MEGAFONE - Fernanda Regina
Foto - Cearánews

Os desafios para que a comunicação seja utilizada como meio de formação de massa foi a pauta central do 17º Curso Anual do Núcleo Piratininga de Comunicação (NPC) realizado no Rio de Janeiro, de 17 a 20 de novembro. A atividade contou com a presença jornalistas, militantes, sindicalistas e movimentos sociais de diversas cidades do Brasil.

Os organizadores deram o tom do curso já na abertura com o canto coletivo do Hino da Greve, criado em 1979, durante as grandes greves. O coro foi puxado pelo militante Cícero de Crato, natural de Cariri, interior do Ceará. Hoje Cícero atua na área de formação política, sindicatos e educação, em São Paulo.

No mesmo clima de emoção e luta, os professores Mauro Iasi (UFRJ), Virgínia Fontes (Fiocruz), Adelaide Gonçalves (UFCE) e militante Vito Giannotti apresentaram a história dos 140 anos da Comuna de Paris. Para Iasi a Comuna é cada vez mais atual e necessária conhecê-la. “A Comuna é atual porque seus carrascos estão vivos, preparados para manter a ordem atual”.

Teatro – Contribuiu ainda mais para a qualidade do debate, a encenação da peça Os Filhos da Comuna. A apresentação foi encabeçada pelo Grupo Artes da Ilha do Governador (GATIG - Núcleo Contra-Hegemônico). Um dos destaques da peça é o julgamento da grande figura feminina, a revolucionária Louise Michel.

Informação - “Precisamos que os órgãos de comunicação da esquerda se unam e que tenhamos um jornal diário como instrumento de formação de massa”, apontou o coordenador do NPC, Vito Giannotti. A provocação foi compartilhada pelos presentes que entenderam a necessidade de unir forças para fazer outra comunicação.

Os debates aconteceram de maneira livre e descontraída, apesar do respeito ao tempo e a grade recheada de atividades. Uma das polemicas foi gerada quando começou a discussão de qual seria a “melhor ferramenta para disputa da hegemonia”.

Desinformação - A realização de megaeventos como as Copa do Mundo de 2014 e a Olimpíada de 2016 está gerando muito desinformação.
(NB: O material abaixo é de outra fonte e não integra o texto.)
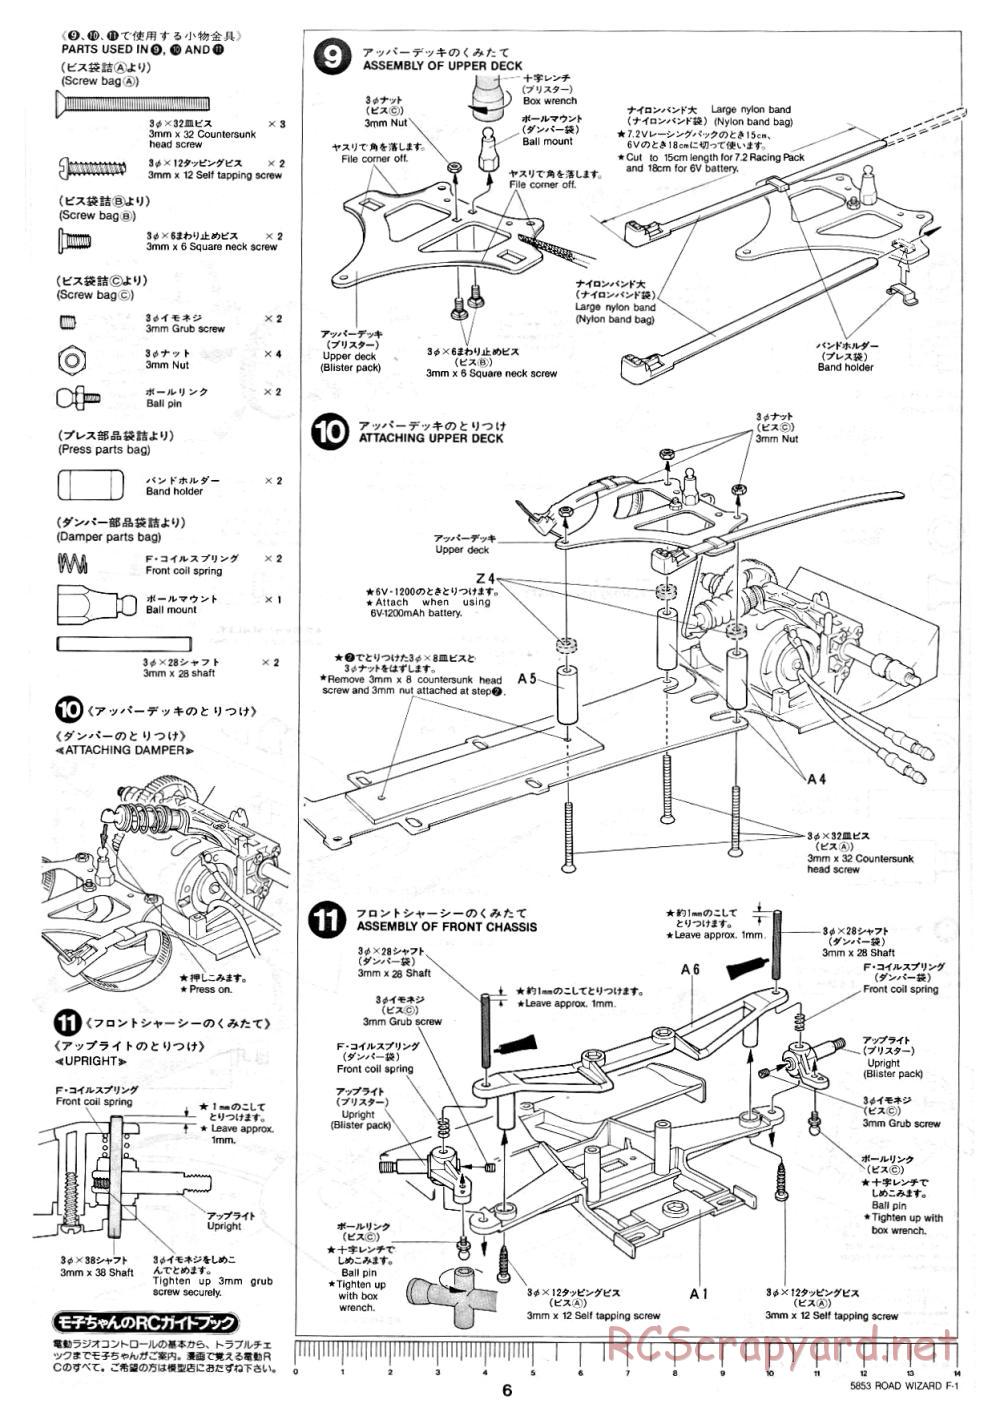 Tamiya - Road Wizard F-1 - 58053 - Manual - Page 6

A mídia conservadora esconde as mazelas e valoriza a especulação imobiliária, “a contra gosto da população e da periferia, apontou o jornalista e morador da Rocinha, Arley Macedo.

Cultura - Na noite de sábado (23) os participantes tiveram a oportunidade de conhecer a realidade de uma favela “pacificada” no Rio de Janeiro. O convite partiu da organização evento e do rapper Fiell – um dos palestrantes - para subida ao morro Santa Marta, onde ele vive.

A temática favela também foi abordada nos de debates com a presença de moradores e militantes destas regiões. Os mesmos falaram da realidade em contraponto com o que é mostrado pelas grandes corporações midiáticas. O tratamento dos meios de comunicação a temas como homofobia, mulheres e racismo também foi discutido em mesa específica.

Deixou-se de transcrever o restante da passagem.